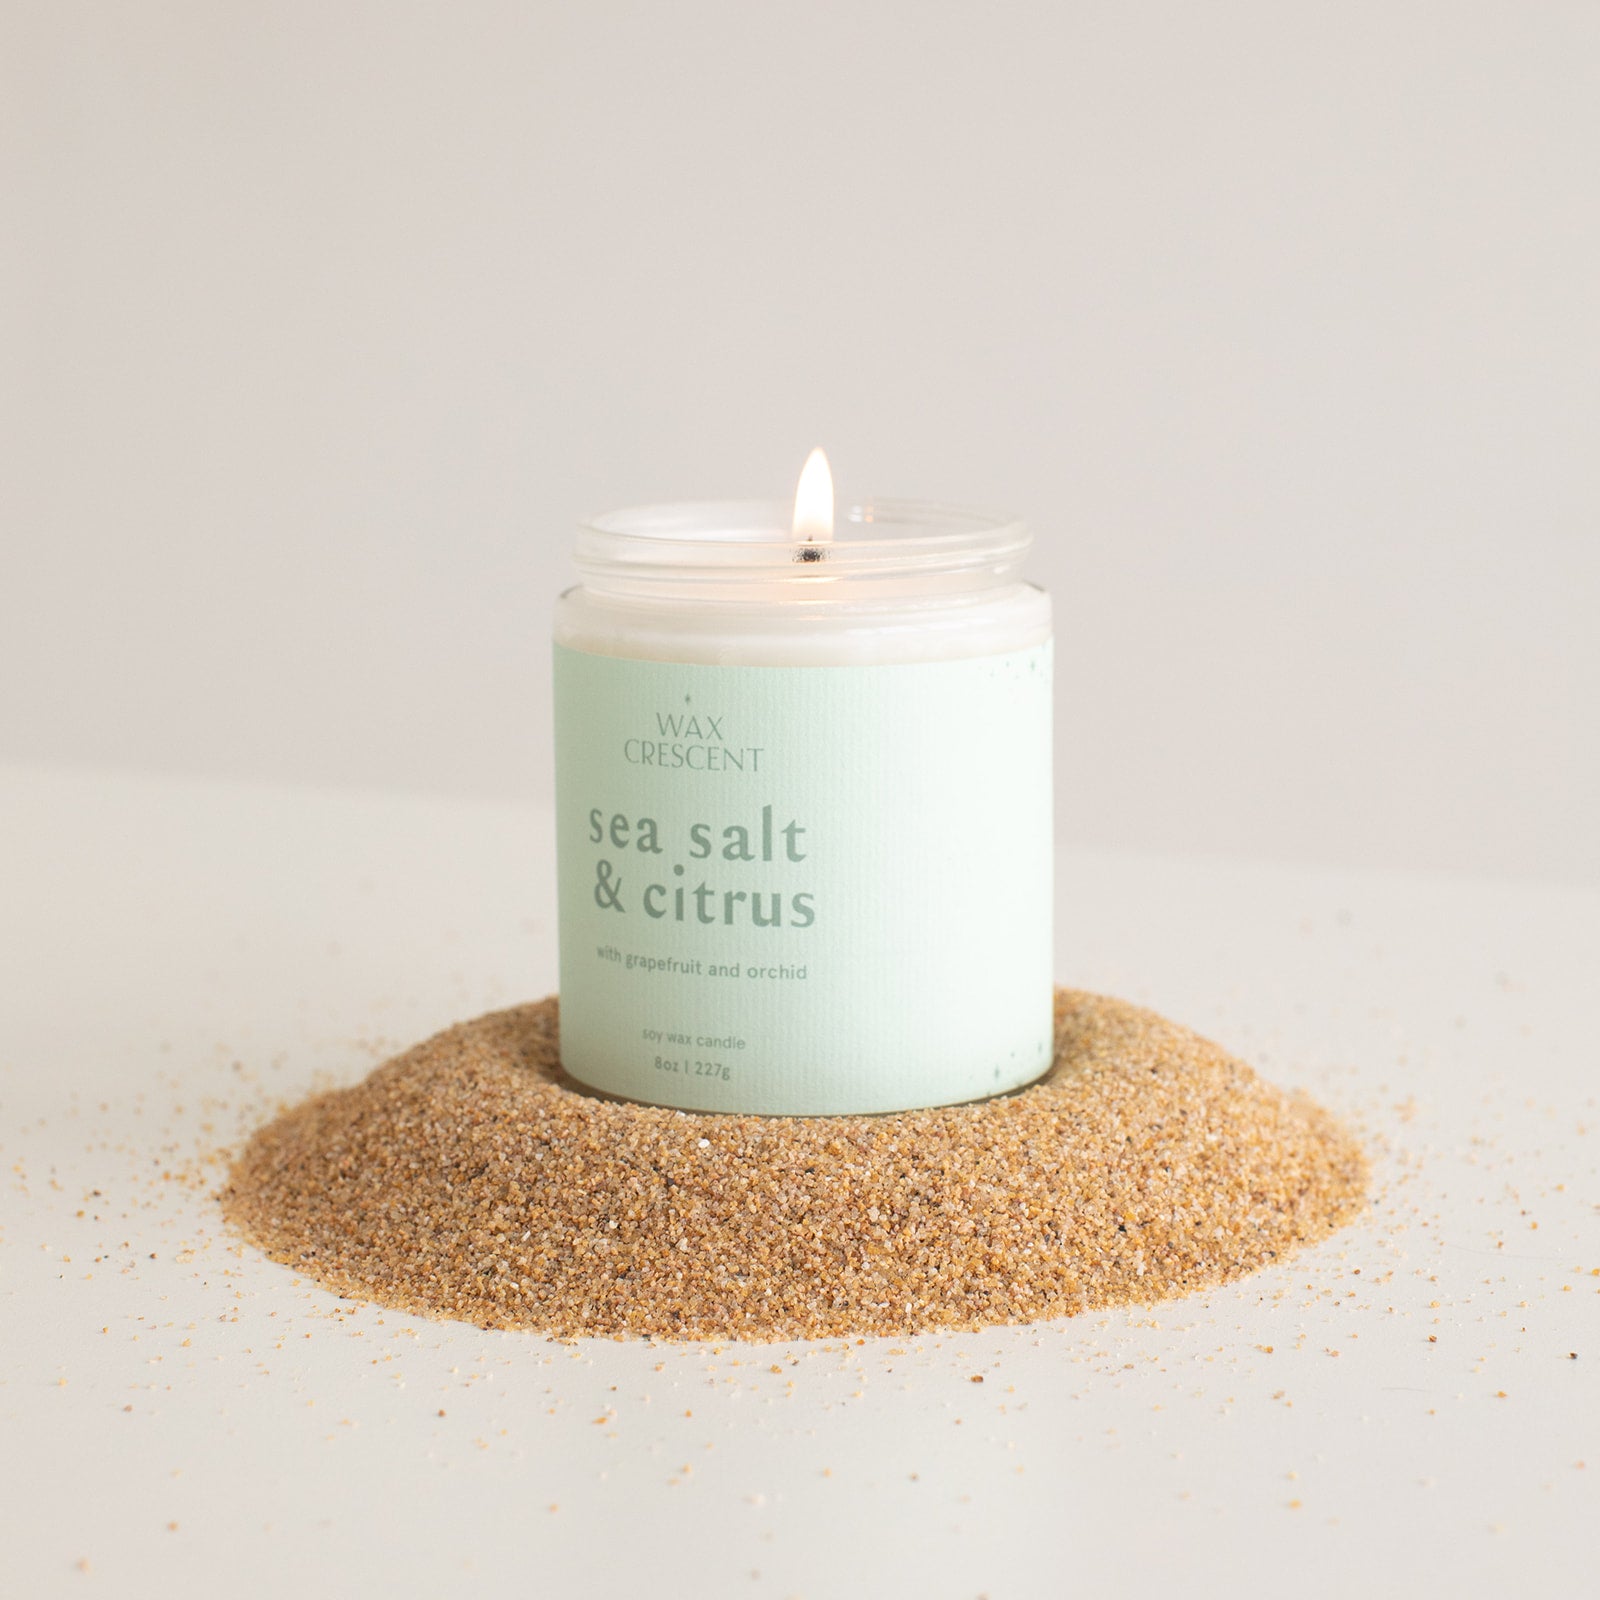 Wax Crescent sea salt & citrus candle 
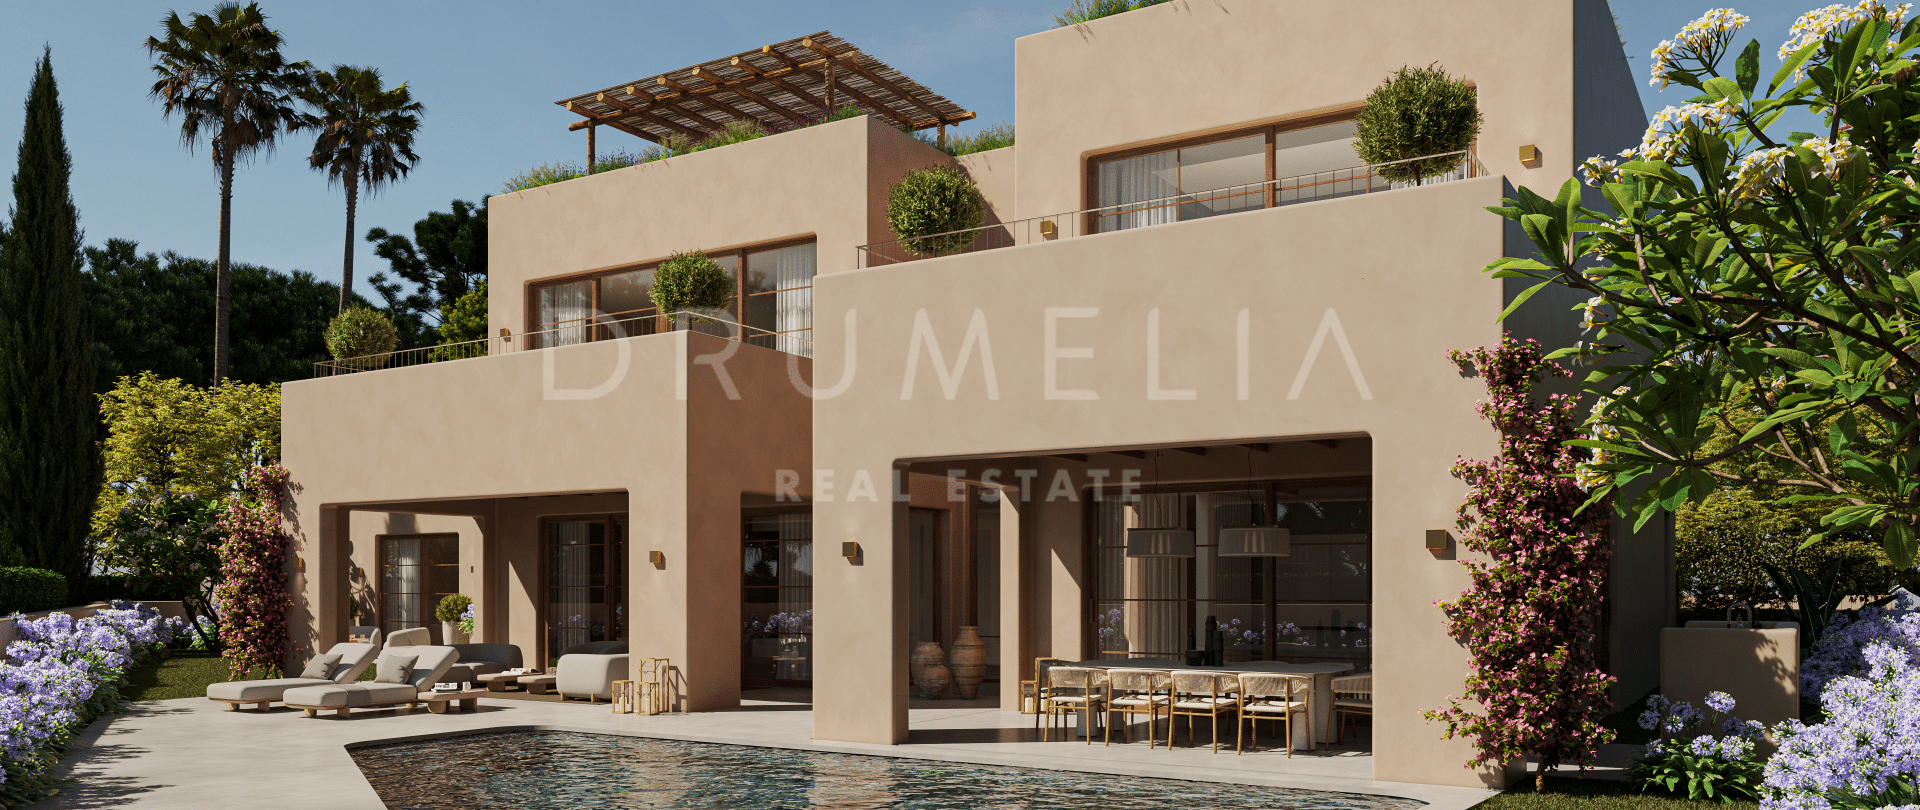 Uitzonderlijk perceel en op maat gemaakt architectonisch uniek villaproject in Casa Blanca, Marbella
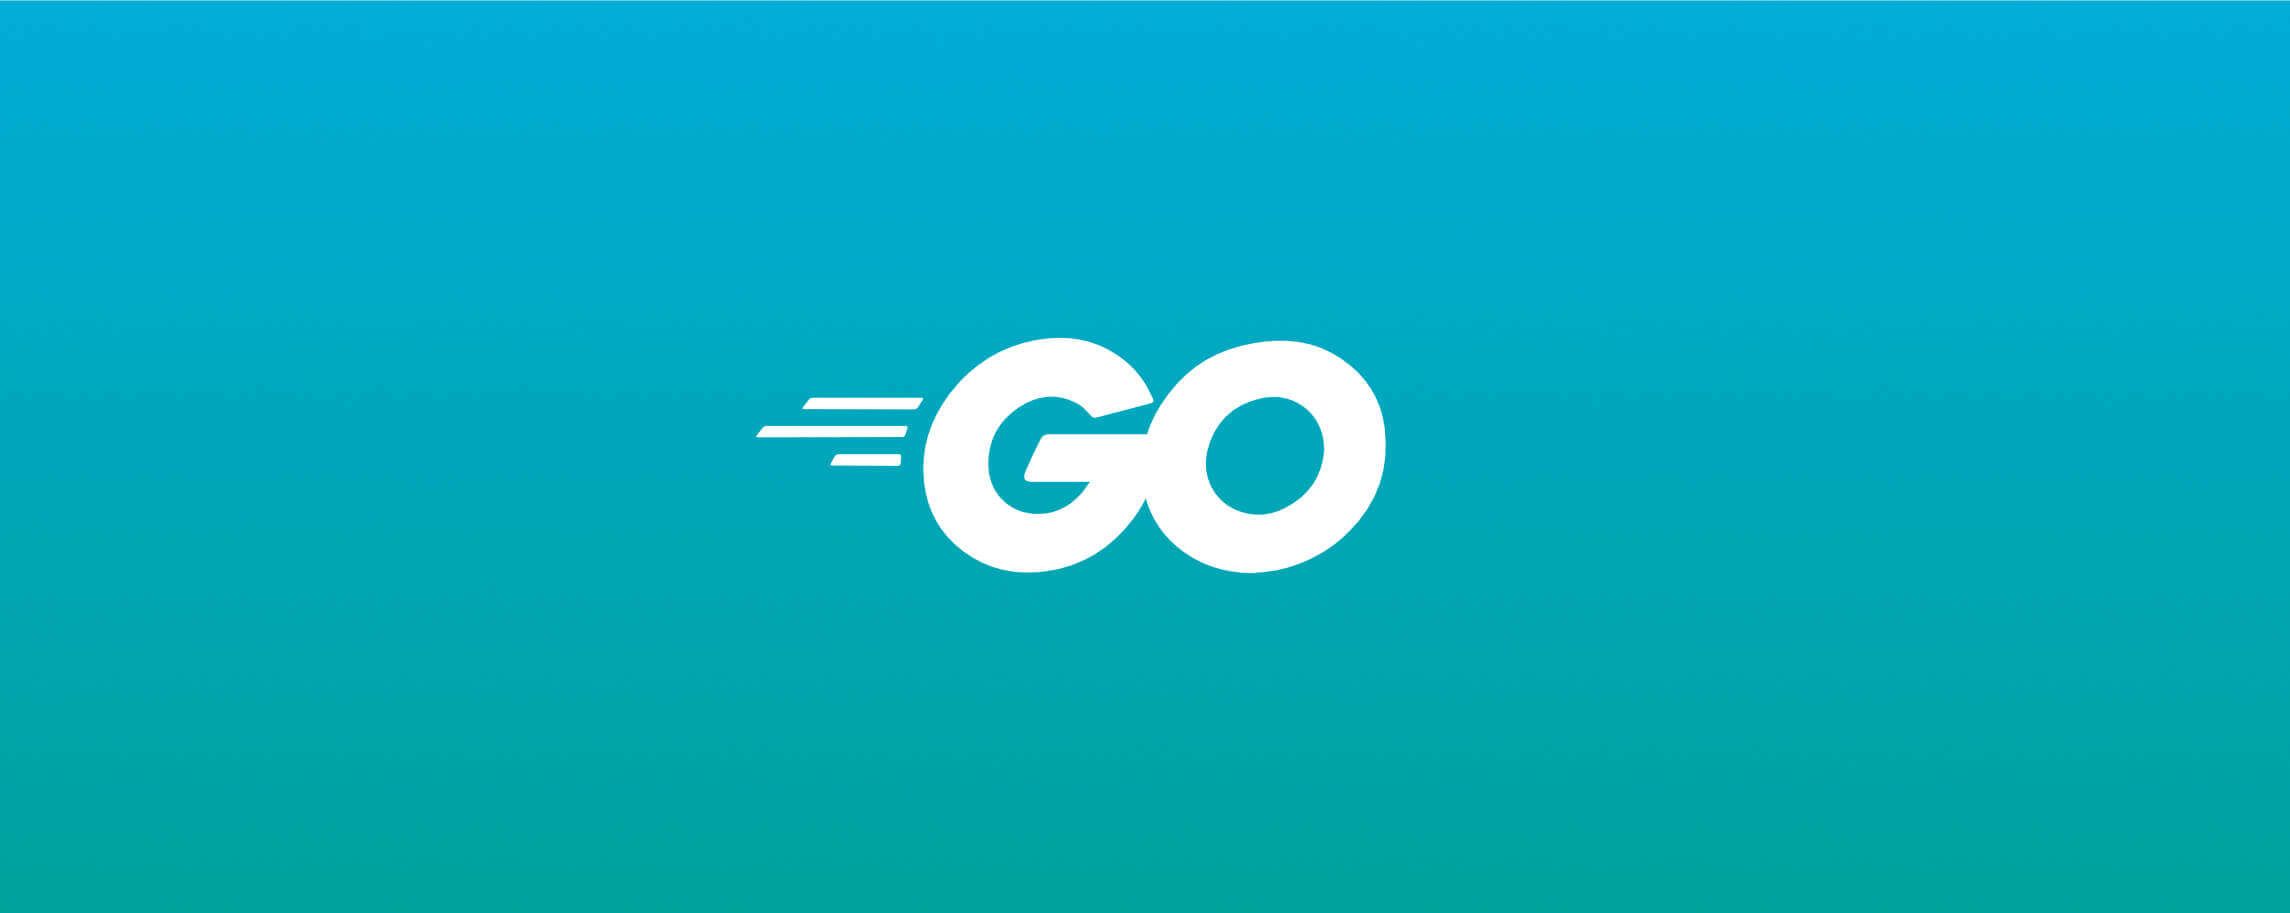 The Go branding
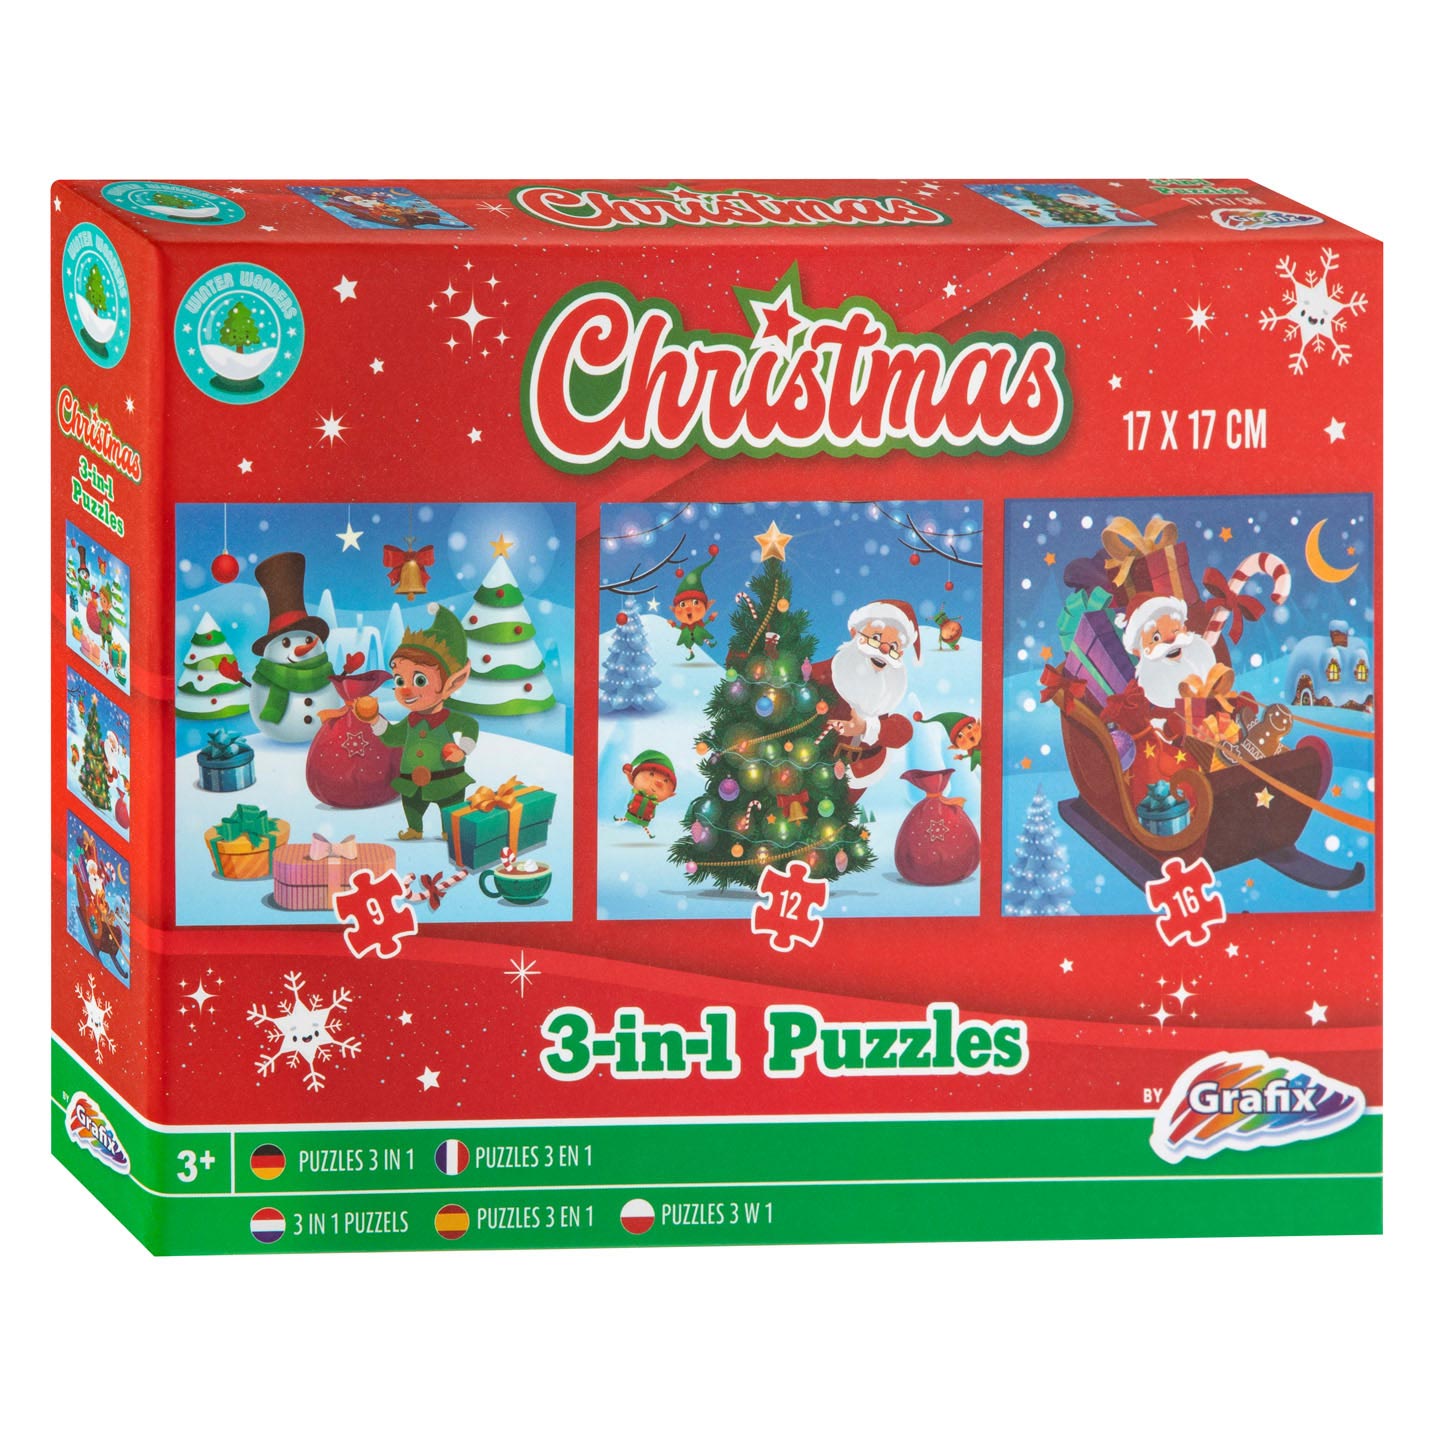 Acheter Mini Puzzle Noël, 24pcs. en ligne?

————————

WHAT TO PRODUCE - The result should be an exact copy of the material, containing no pictures.

RESULT -
 Wax Crescent sea salt & citrus candle 
 Uitzonderlijk perceel en op maat gemaakt architectonisch uniek villaproject in Casa Blanca, Marbella
 The Go branding
 Acheter Mini Puzzle Noël, 24pcs. en ligne?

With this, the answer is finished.